Yerby stepped back from the railing. "What do you figure our friends from Zenith are going to try next, lad?" he asked quietly. "Oh, not this lot," he added, gesturing toward the deck and the captives who dangled beneath it. "The syndicate of folks that wants to steal our land, I mean."

"I think…" Mark said. "I think there'll be a peace conference. Protector Giscard'll call it, or maybe even a delegation from Earth. You've made the Zenith authorities look very foolish. They'll make a compromise offer to avoid worse."

The dirigible settled in the cleared space near the starship's hatch. Pumps whined to suck hydrogen from the ballonets now that the prisoners' weight rested on the ground.

"I thought maybe something like that," Yerby said as if he were making idle conversation. "Myself, I've never been much for compromise, though."

Yerby jumped from the gondola while the deck was still six feet above the ground. Mark sighed and followed. He didn't fall over when he hit, so he figured the paralysis must have worn off completely by now.

Mark's mouth still tasted worse than he could imagine. The swig of what Lunaan claimed was whiskey had added its own ghastly flavors without in the least cutting the miasma of the gas.

The cargo net collapsed about the Zeniths when Lunaan dropped it and moved the dirigible off the starport. Desiree took charge of freeing them. Yerby nodded approval, then sauntered to the starship's captain standing beside the boarding ramp. Mark smiled to Amy as they both followed her brother without speaking.

"Well, Captain…" Yerby said, peering at the nametag. "Captain Drumm. I'll bet you're not very pleased about how things went this voyage, are you?"

"My ship's been looted!" Drumm said. He was a dapper man with, at the moment, the red face of someone on the verge of a stroke. "Are you responsible for this, sir? My liquor cabinet's been emptied and my passengers' private lockers have been broken into as well!"

Yerby nodded sympathetically. "Looting's a terrible thing, yes sir. But-did you lose anything besides booze, Captain?"

"My pistol," Drumm said. Apprehension was replacing anger as he realized how very powerful Yerby was. "I don't know that there was anything else. Except the liquor."

"Peaceful visitors don't need guns on Greenwood," Yerby said with the smile of a cat for the mouse between its paws. "Reckon we can forget that."

"It isn't important, no," Drumm agreed. "And the liquor-"

"And the liquor's the sort of hospitality a smart fellow'd offer people when he came waltzing into their house without a by-your-leave," Yerby continued, overriding the captain's nervous mumble. "Which is the thing I wanted to take up with you, Captain. The next time you want to land on Greenwood, why don't you hold in orbit until I've radioed you a personal invitation?
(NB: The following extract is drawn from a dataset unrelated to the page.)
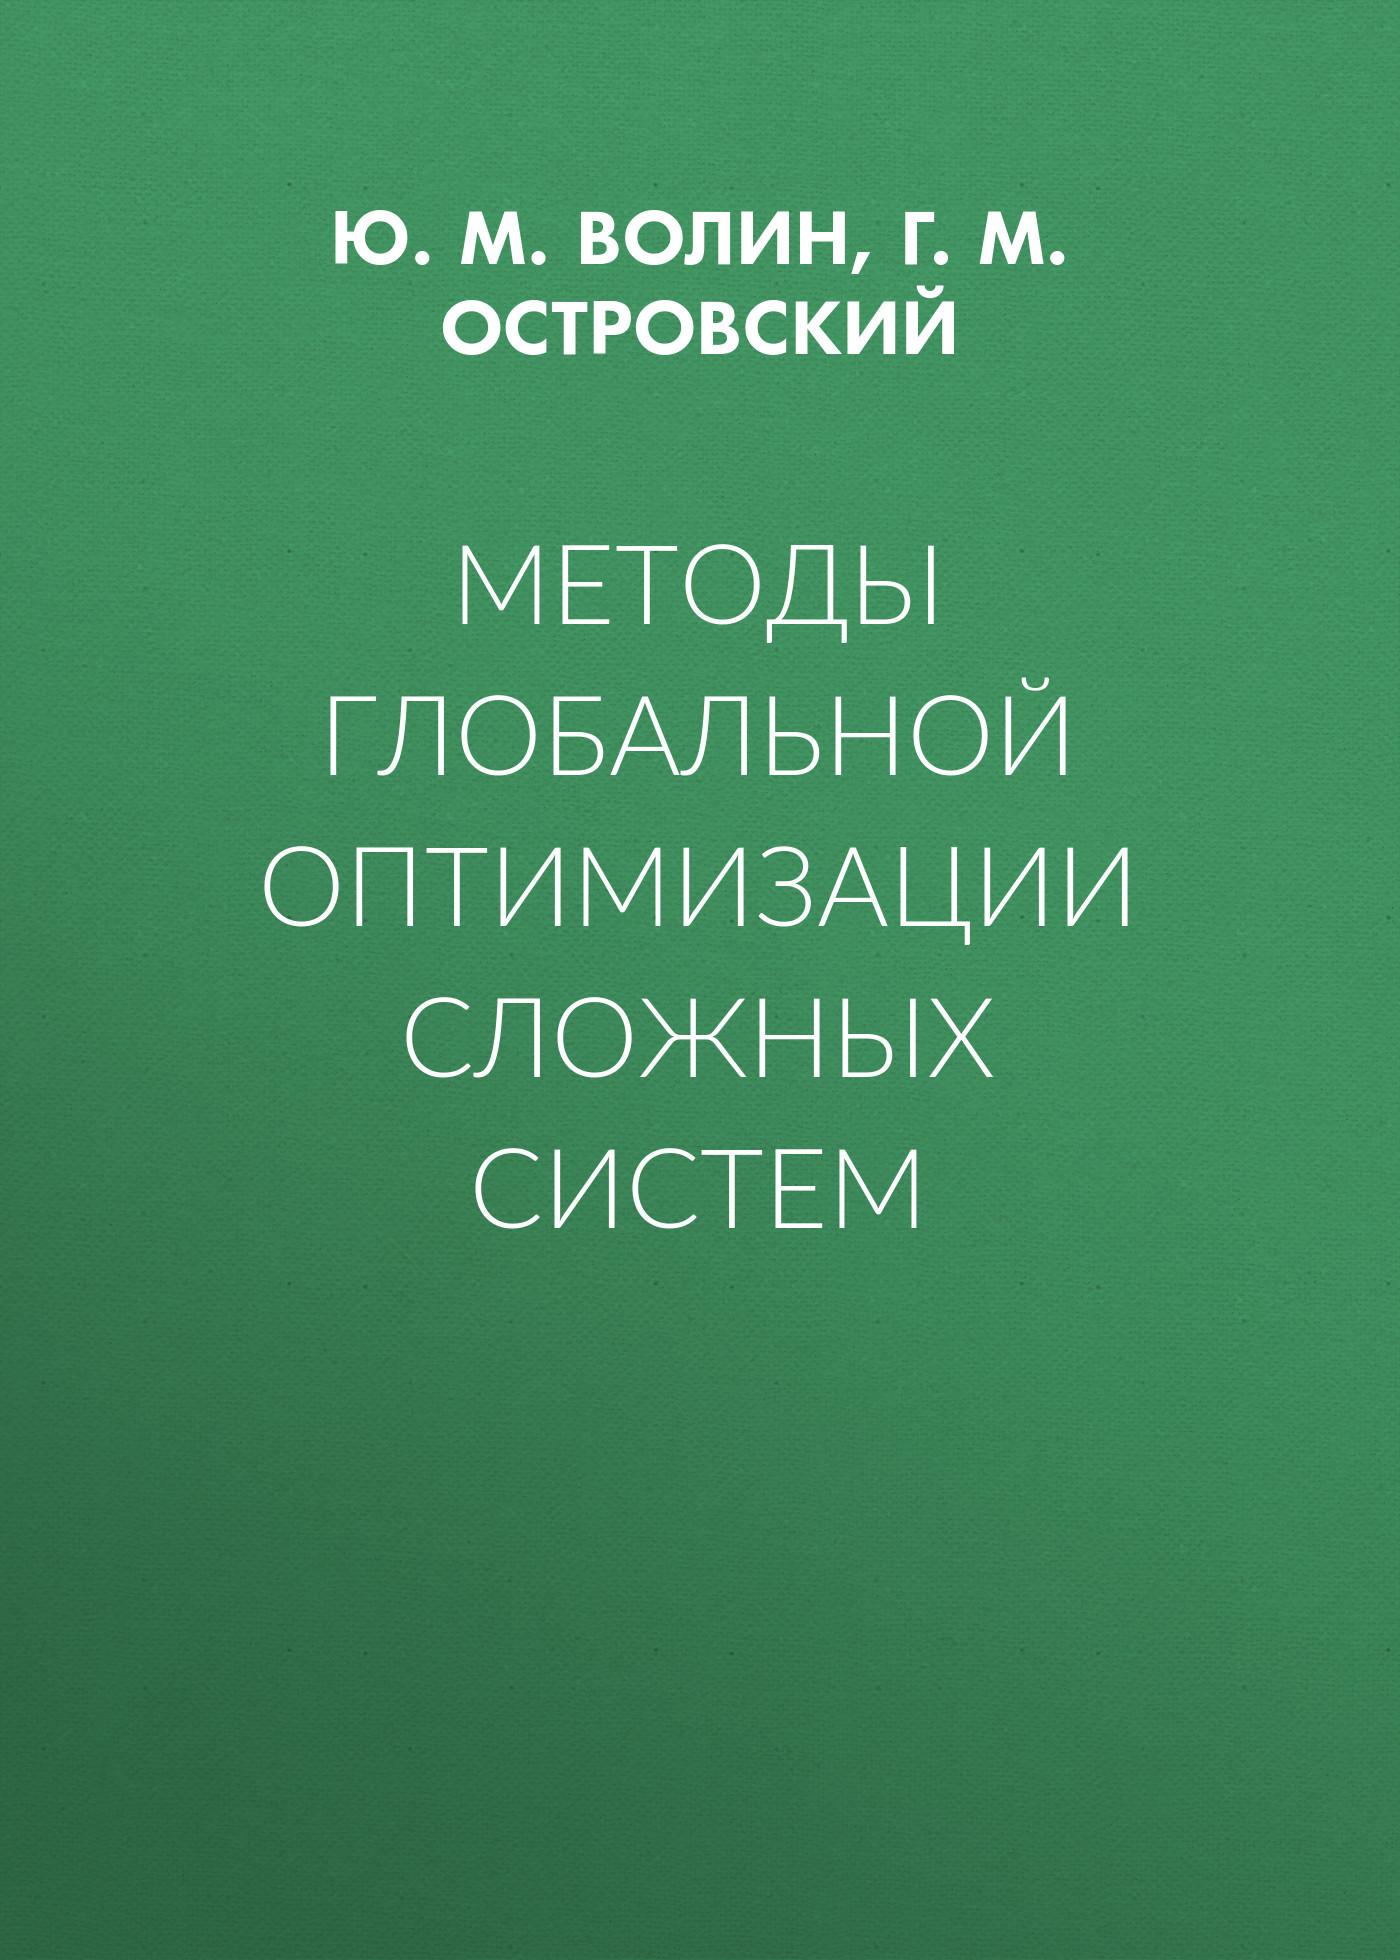 Ю. М. Волин Методы глобальной оптимизации сложных систем б ю норман русский язык в задачах и ответах

Because if you land without my permission again, you'll never take off."

Drumm licked his lips. His face was as sallow as it had been red a moment before. "I understand," he said.
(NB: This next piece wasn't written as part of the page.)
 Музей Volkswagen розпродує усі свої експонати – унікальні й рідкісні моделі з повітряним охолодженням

Yerby smiled and patted Drumm on the shoulder. "I thought you would," Yerby said. Whistling "Men of Harlech" between his teeth, he turned to watch the prisoners being marched in line toward the ramp.
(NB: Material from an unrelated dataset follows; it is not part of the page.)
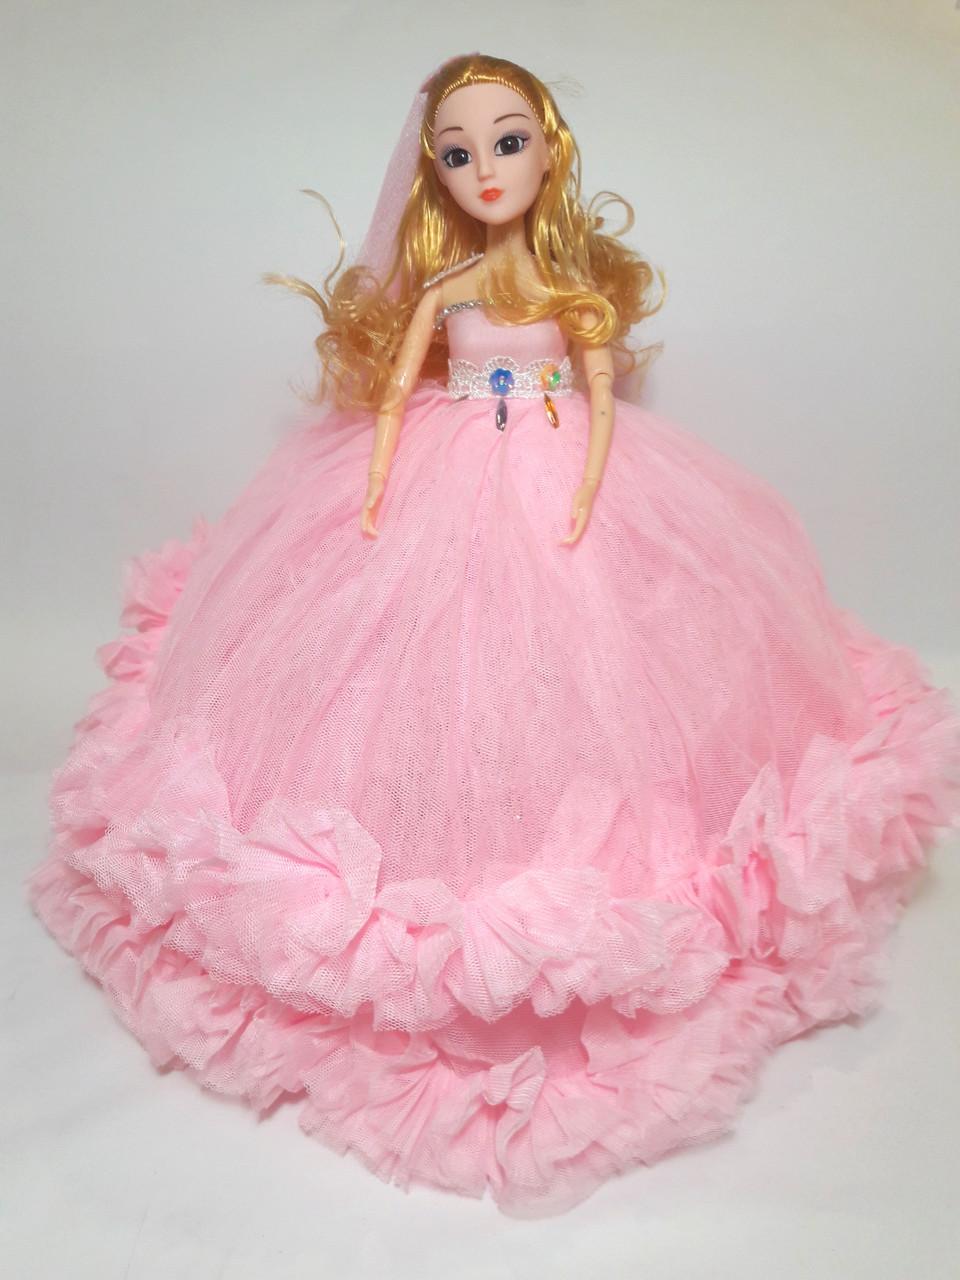 Кукла в стиле Барби в розовом платье

Dr. Jesilind felt the weight of Yerby's stare. He eased to the side to put Colonel Finch between him and the frontiersman. A Woodsrunner thrust Jesilind back into place. Yerby walked toward him, still whistling.

Berkeley Finch swallowed and deliberately faced Yerby. "One moment, please, sir," he said in a voice that got higher with every syllable. "My troops and I surrendered our weapons upon your promise of safe conduct until we were off-planet."

"And that's just what you'll have if you step out of my way," Yerby said in a tone Mark had never heard him use before. It was like listening to millstones speak. "There's a personal matter between me and the doc, though I guess you can have part of it if you're fool enough to want it."